## RAW DATA
====
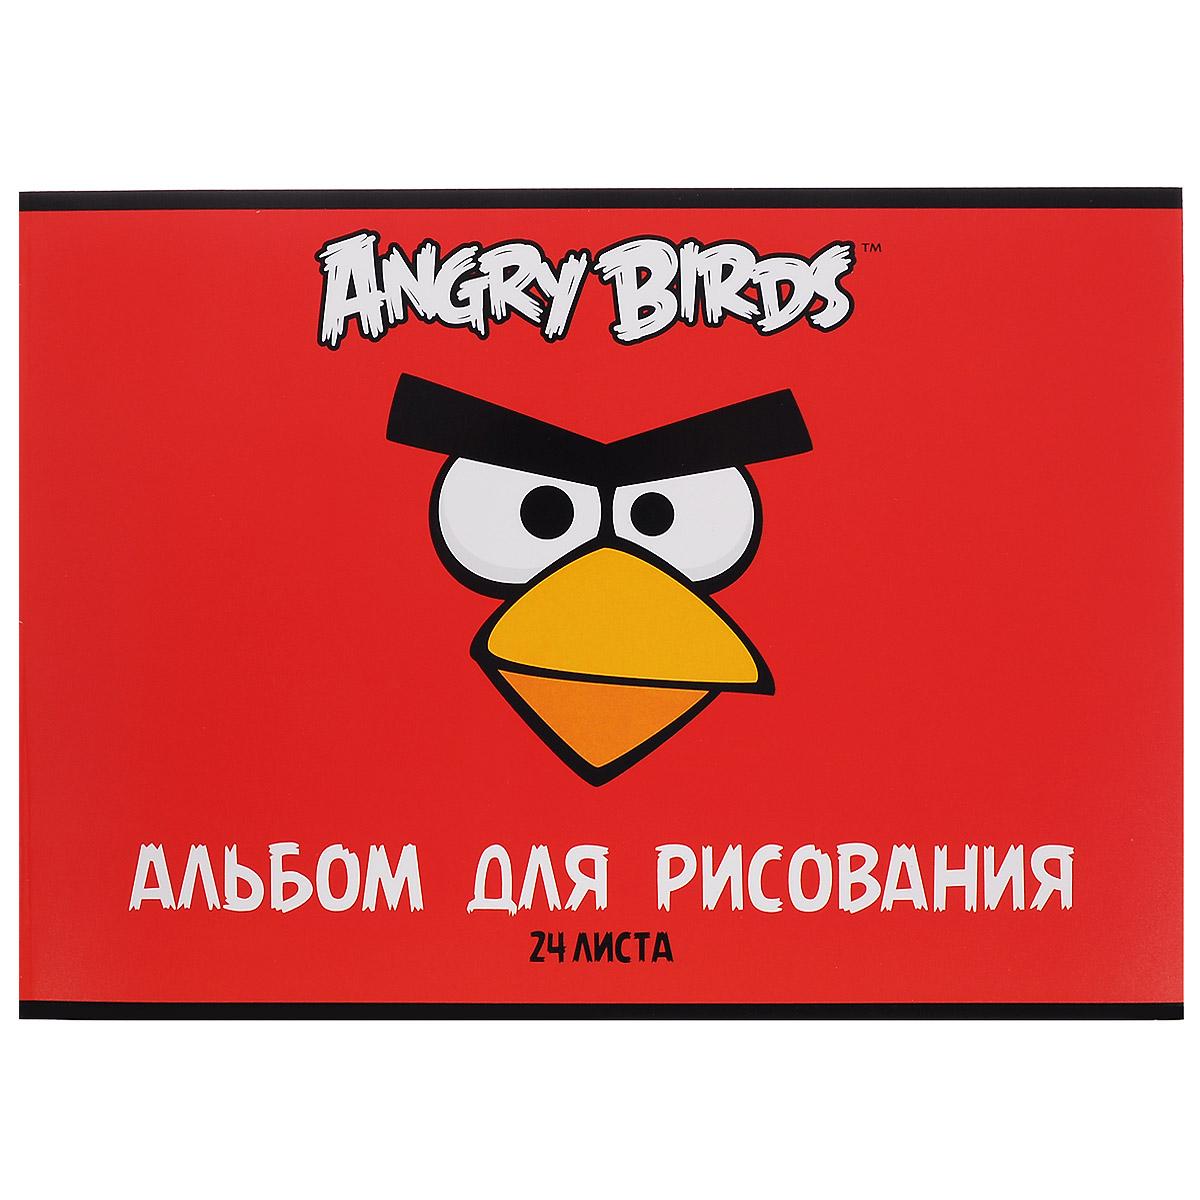 Альбом для рисования Angry Birds, 24 листа. 24А4вмB_1035324А4вмB_10353Альбом для рисования Angry Birds с ярким изображением любимого мультипликационного героя на обложке будет радовать и вдохновлять юных художников на творческий процесс. Бумага альбома отличается высокой прочностью. Обложка выполнена из мелованного картона. Крепление - скрепки. Рисование позволяет развивать творческие способности, кроме того, это увлекательный досуг.Рекомендуемый возраст: 6+.
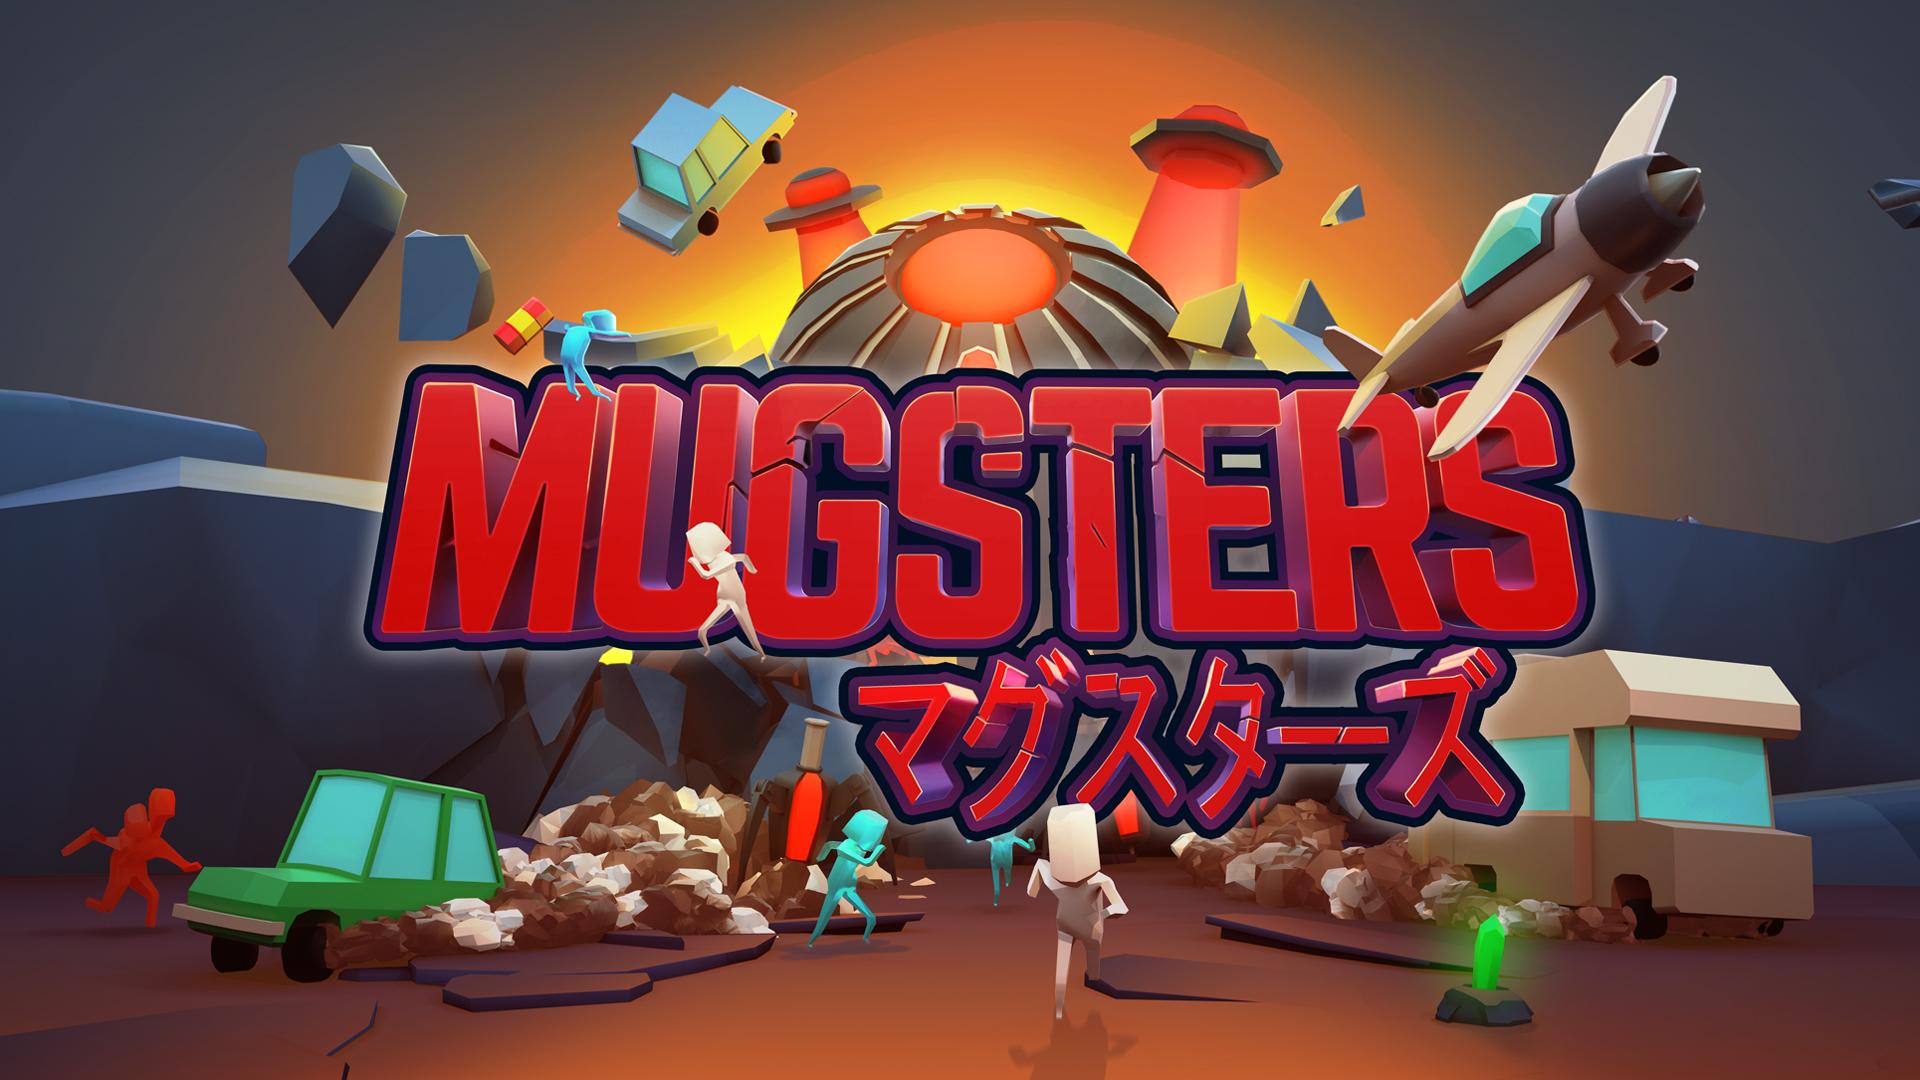 ソフト/mugsters - switchsoft @ ウィキ - アットウィキ
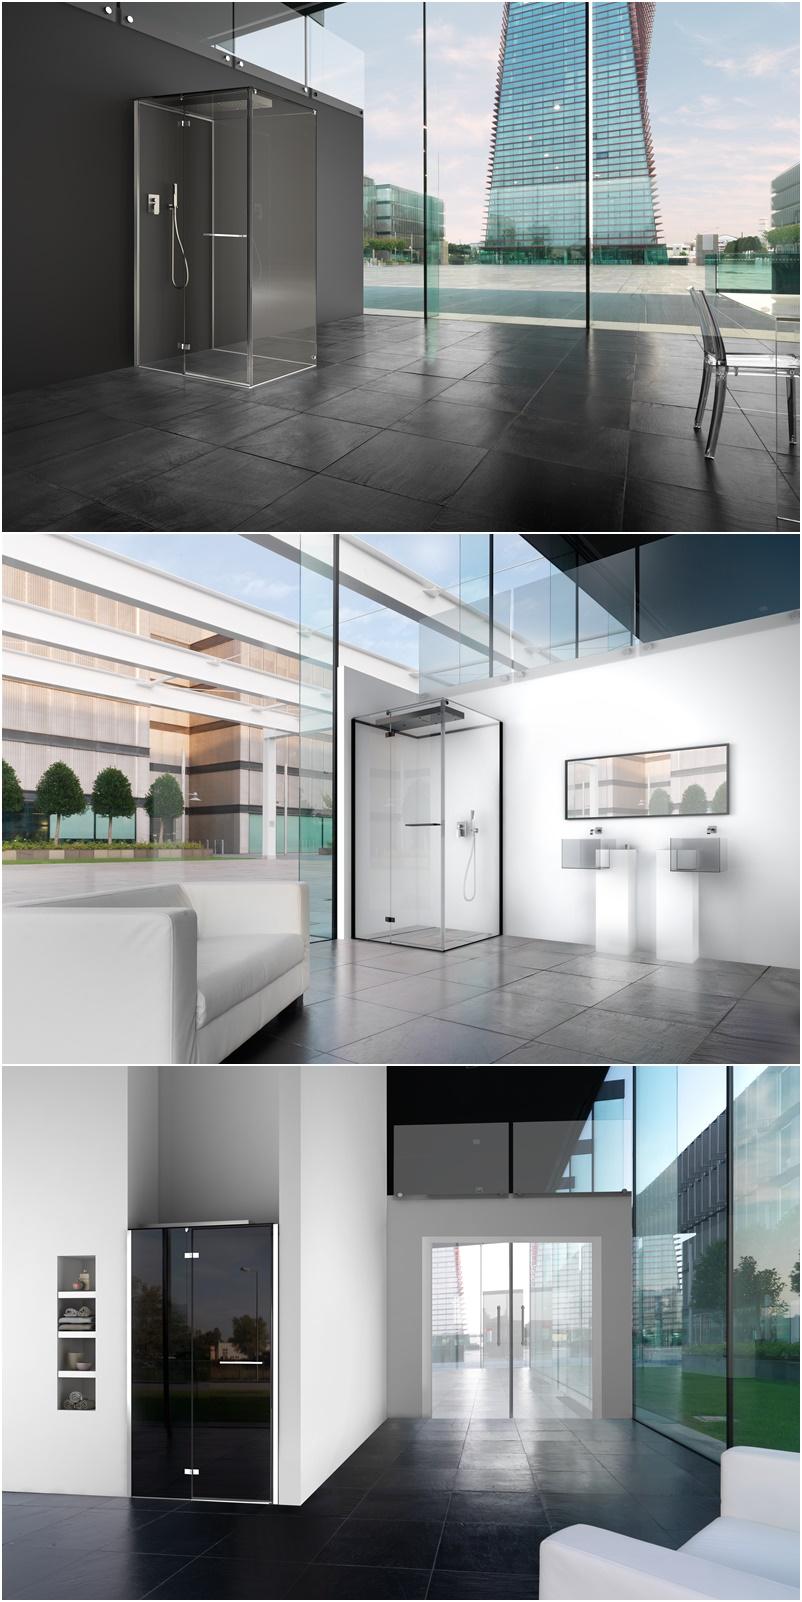 Cabina doccia Invisible by Megius | Versione Nude con solo soffione integrato nel tetto - anticipazioni Salone del Bagno 2018
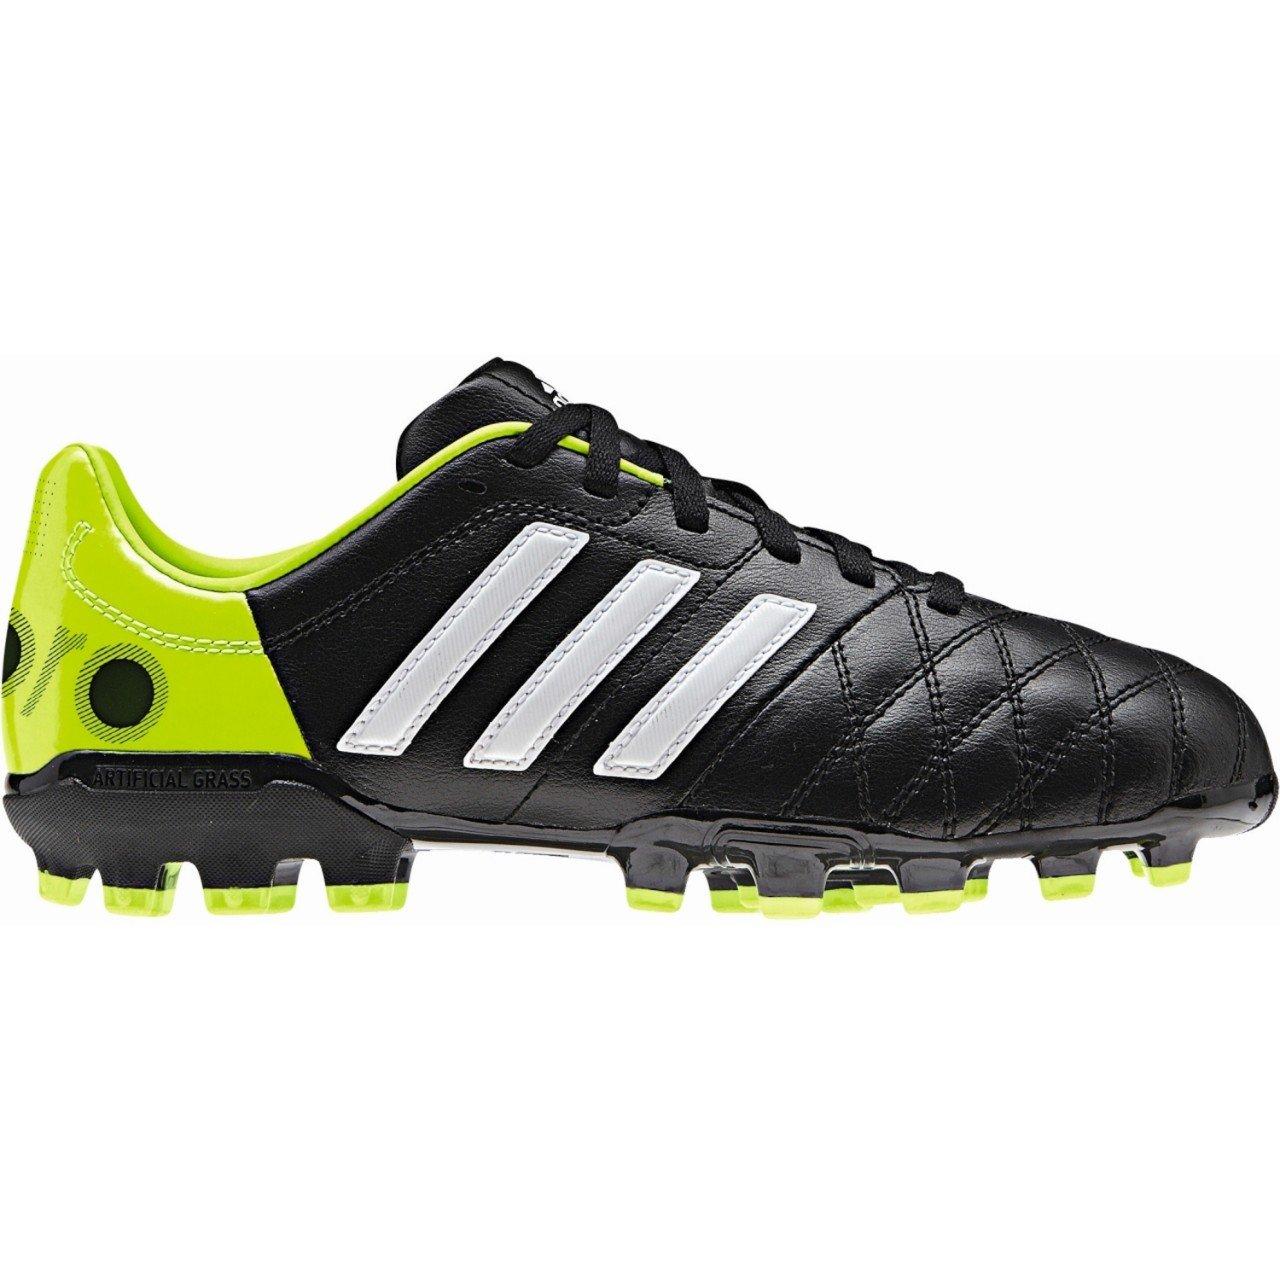 Adidas Schuhe Nockenschuhe 11 nova TRX AG Kinder Junior Kinder schwarz1 runwh, Größe Adidas 4
====
## DESCRIPTION OF THE TASK
Once the pictures are set aside, retype the rest of the listing exactly.

## TASK ANSWER
 Альбом для рисования Angry Birds, 24 листа. 24А4вмB_1035324А4вмB_10353Альбом для рисования Angry Birds с ярким изображением любимого мультипликационного героя на обложке будет радовать и вдохновлять юных художников на творческий процесс. Бумага альбома отличается высокой прочностью. Обложка выполнена из мелованного картона. Крепление - скрепки. Рисование позволяет развивать творческие способности, кроме того, это увлекательный досуг.Рекомендуемый возраст: 6+.
 ソフト/mugsters - switchsoft @ ウィキ - アットウィキ
 Cabina doccia Invisible by Megius | Versione Nude con solo soffione integrato nel tetto - anticipazioni Salone del Bagno 2018
 Adidas Schuhe Nockenschuhe 11 nova TRX AG Kinder Junior Kinder schwarz1 runwh, Größe Adidas 4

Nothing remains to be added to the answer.